Sudah 10 bulan saya tidak pernah nonton TV. Entah mengapa secara alami saya meninggalkannya. Dan ternyata tidak pengaruh juga dikehidupan nyata. Kecuali berdampak satu hal, saya bingung tiap kali ada yang standup comendy dengan materi iklan TV.. Hahahahaha..
Makin cerdas orangnya, makin punya banyak kegiatan selain nonton tivi.
Makin cerdas orangnya, makin punya banyak pilihan kegiatan selain nonton tivi.
Wah wah, saya butuh nutrisi yang bagus di saat melihat acara Tv nasional, tp sulit terwujud. Suka pantangin talkShow Just Alvin, Kick Andy, Young on Top, Radio Show dan Mata najwa. Jujur pengen saya tontong ulang hampir tiap episode mereka, dimana dimana dimana? tontonan bermutu anak bangsa
Setuju sekali dengan mas Pandji, acara tv jaman sekarang gak ada yang bener2 bisa dinikmatin, waktu itu lagi seru2nya nonton Provocative – Proactive tiba2 udah episode terakhir. Radio Show, yg tadinya format cafe dan akustikan gt berubah jadi semi konser gt, jadi kurang menarik. Semoga aja acara tv bisa lebih bagus lagi
Saya setuju dengan bang pandji. Saya mahasiswa jurusan pendidikan dan part time ngajar les anak2 sekolah,suatu hari saya ditanya murid saya yg intinya ‘apakah monopoli yg dilakukan TVRI jaman dulu lebih baik daripada jaman sekarang yang stasiun Tv sudah beragam’. Saya kurang yakin dengan jawaban saya yang waktu itu milih lebih baik skrg krna acara bragam.

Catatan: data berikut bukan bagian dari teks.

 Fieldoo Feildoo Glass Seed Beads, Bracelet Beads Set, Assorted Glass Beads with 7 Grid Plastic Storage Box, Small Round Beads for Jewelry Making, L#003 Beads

Mohon pncerahan dr bang pandji mengingat saya ‘tidak hidup’ dijaman monopoli TVRI.
Trimakasih
Ulasana yang menarik dan memang sesuai kenyataan,semoga ke depannya para stasiun TV bisa pelan-pelan merubah gaya program mereka menjadi suatu tontonan yang menghibur, mendidik dan tetap berkelas.
Hmm.. Sebagai orang yang hanya mengerti TV dari sisi luarnya aja, saya sih melihat bahwa manajemen TV terlalu terpaku oleh rating. Mereka menganggap kalau rating harus selalu diikuti (biar bisa survive gitu). Padahal? Kita belum tahu apa yang terjadi dibalik rating itu. Lagian, tayangan tersebut juga bukan selera seluruh masyarakat kan? Pasti ada selera manajemen TV yang dipaksa masuk ke tayangan tersebut. Hmm.. Kita menunggu sampai kapan tayangan dengan “konten kontroversial” sejenis (kau tahulah – ratingnya no 1 terus, padahal isinya begitu aja..)

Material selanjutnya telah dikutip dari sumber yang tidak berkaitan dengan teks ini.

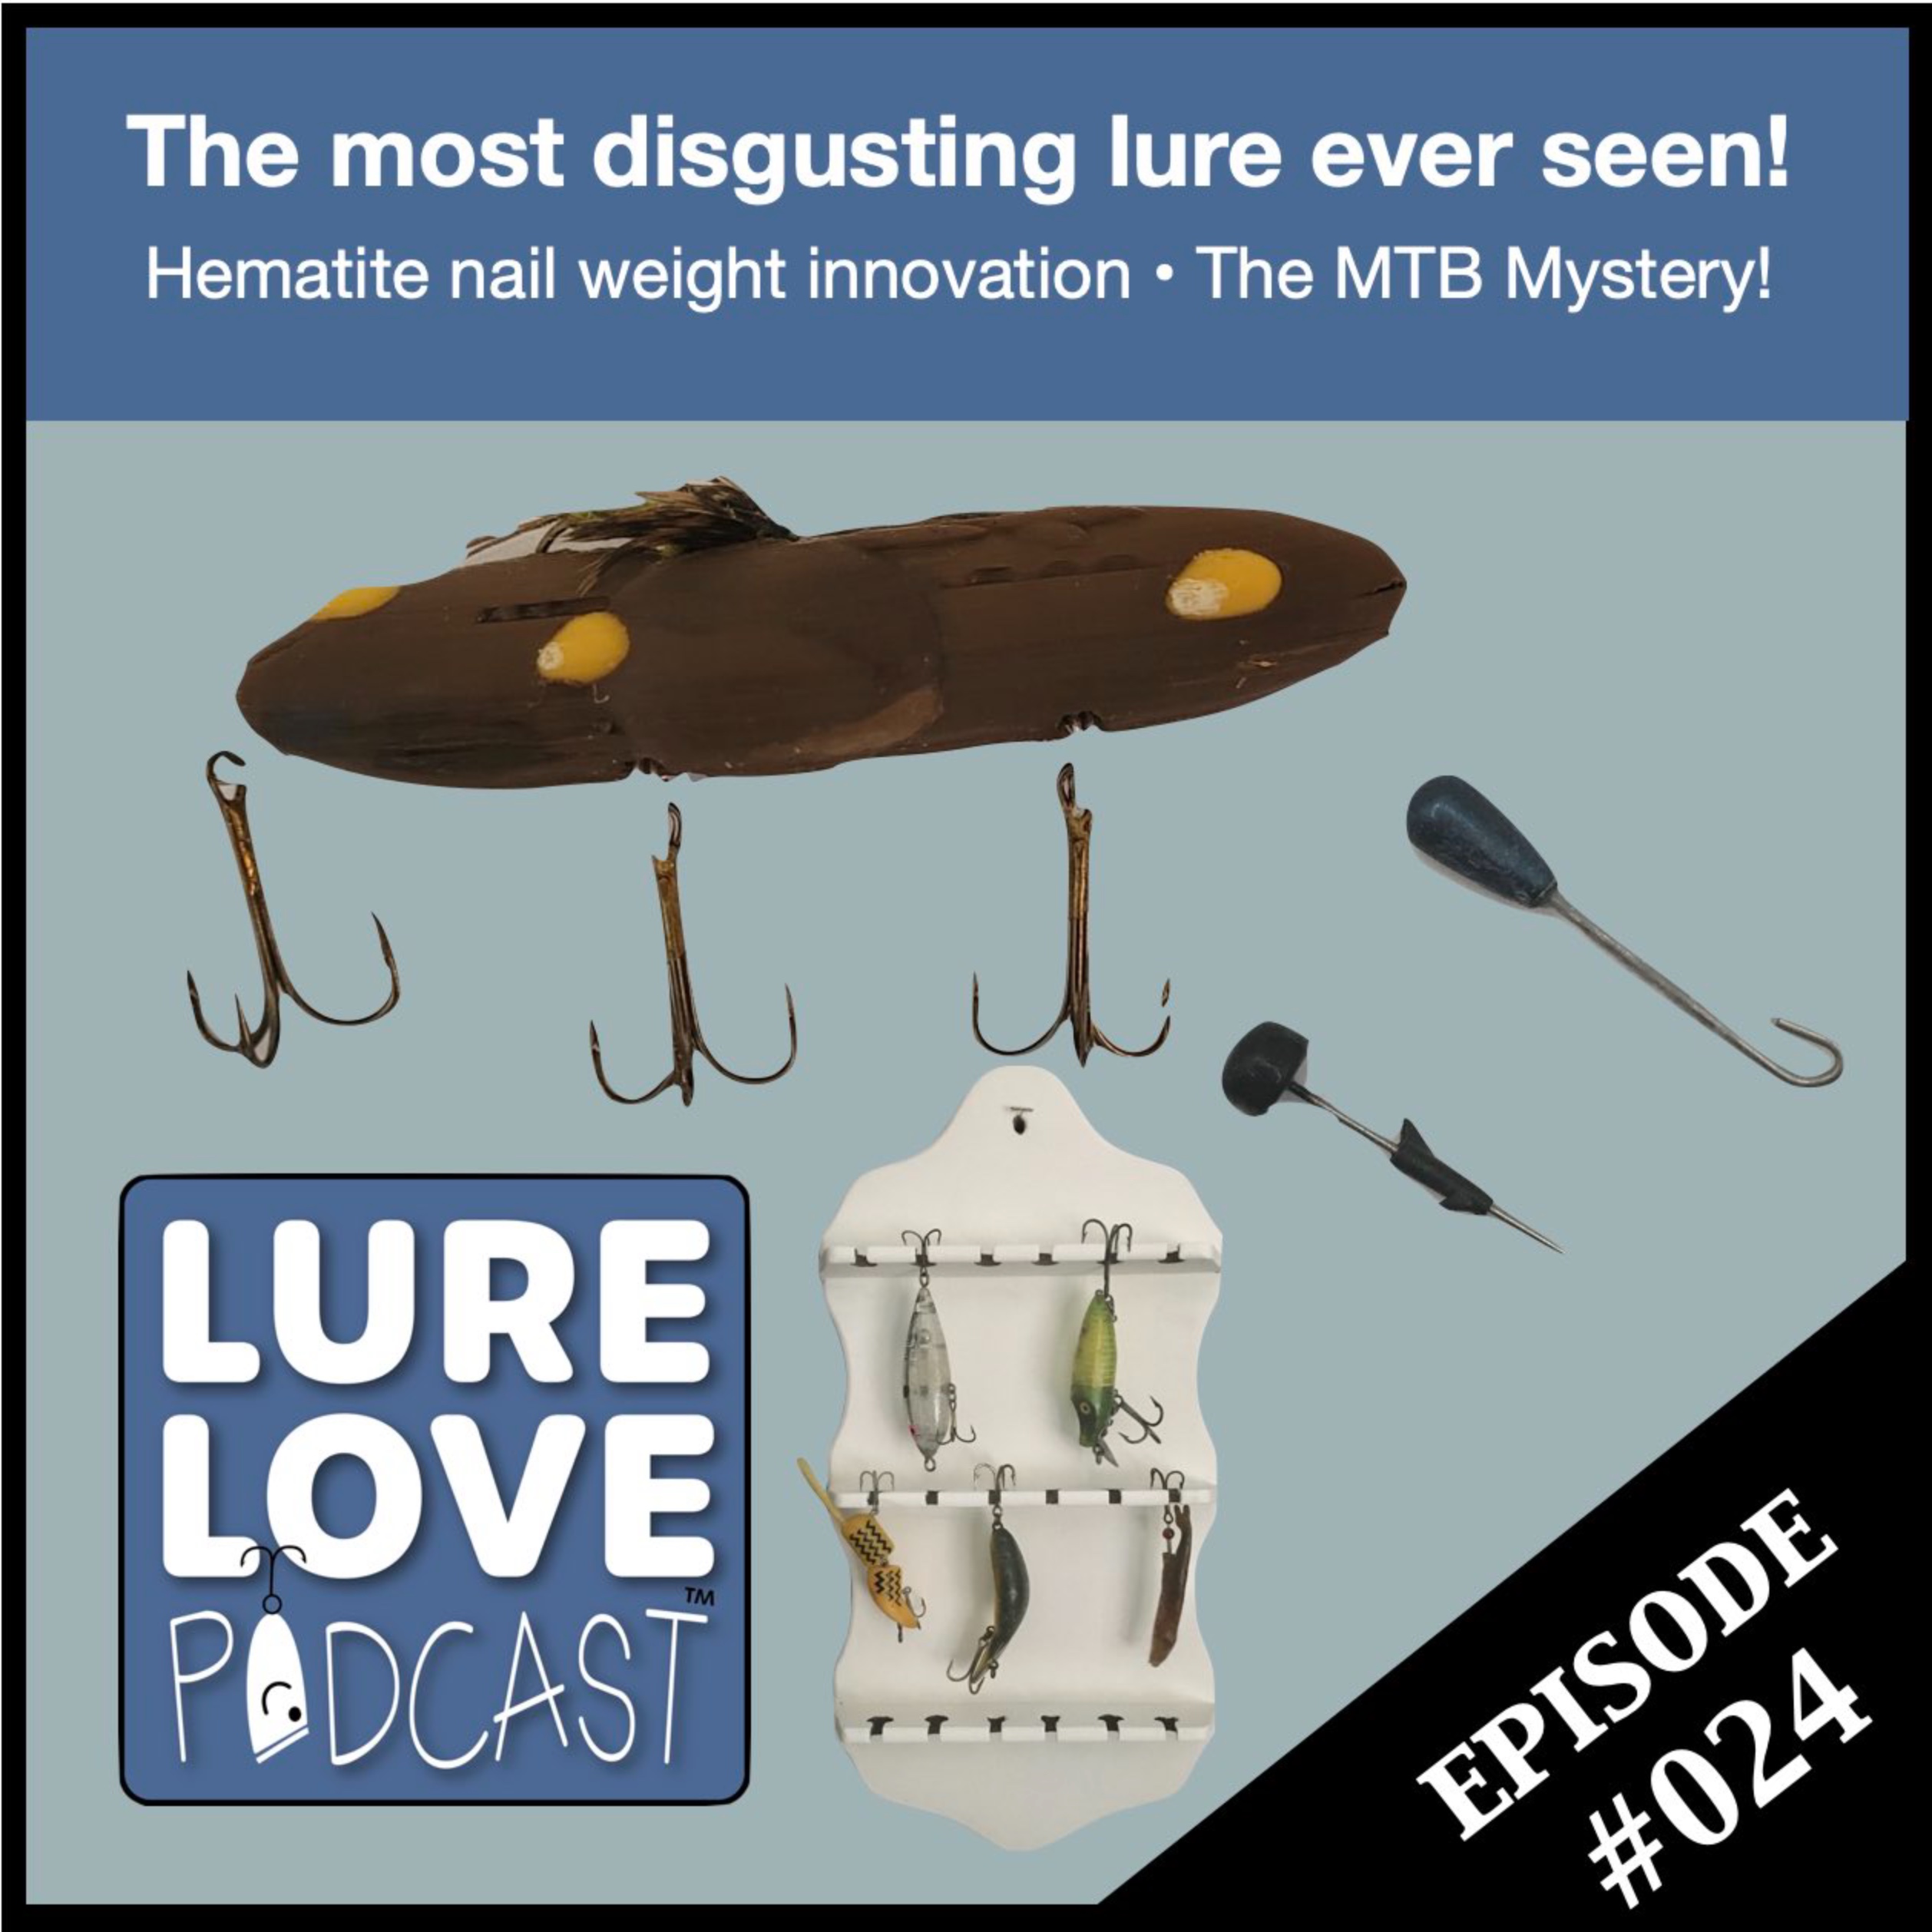 The most disgusting lure ever seen! Image

Oh ya, cek chirpstory saya ya (klik link pada nama saya), disitu saya juga membahas tentang “konten kontroversial” dan pembahasan menarik lainnya.
klo menurut gw ndji…para produser ato para kreatif yg bikin program2 tv lokal kita suka akan comfort zone mereka..dlm artian klo format yg lama ud byk yg nonton ya sdh jd wajar bagi mreka utk mempertahankannya…terlebih itu udah jd sawah ladang mereka…so utk mencoba bkin format yg baru ato bhkan acara yg baru bagi mereka terkesan akan berisiko bakalan laku apa ngga dirating…jd suka lucu sm divisi mereka yg katanya divisi kreatif..trnyata ngga kreatif2 amat klo rating ud bagus bkalan monoton dah bgitu aja acara..terutama acara menonjolkan kebodohan ato ketololan yg dibungkus katanya mereka sih itu komedi..klo acara yg pnya rating bagus tp edukatif n mendidik bgi yg nonton sih gw jg ga masalh… btw tulisan yg bagus bro
Tayangan gitu bakal tetap terus ada, selagi masih ada orang-orang yang berhasrat masuk tv, jadi artis. Persentasenya di endonesa memang lebih banyak kelas menengah kebawah (secara materi ekonomi maupun pola fikir). Jadi tontonan yang lucu, menyenangkan hati atau yang mempermainkan emosi dgn jalan cerita atau pola yg sama bakal terus ada.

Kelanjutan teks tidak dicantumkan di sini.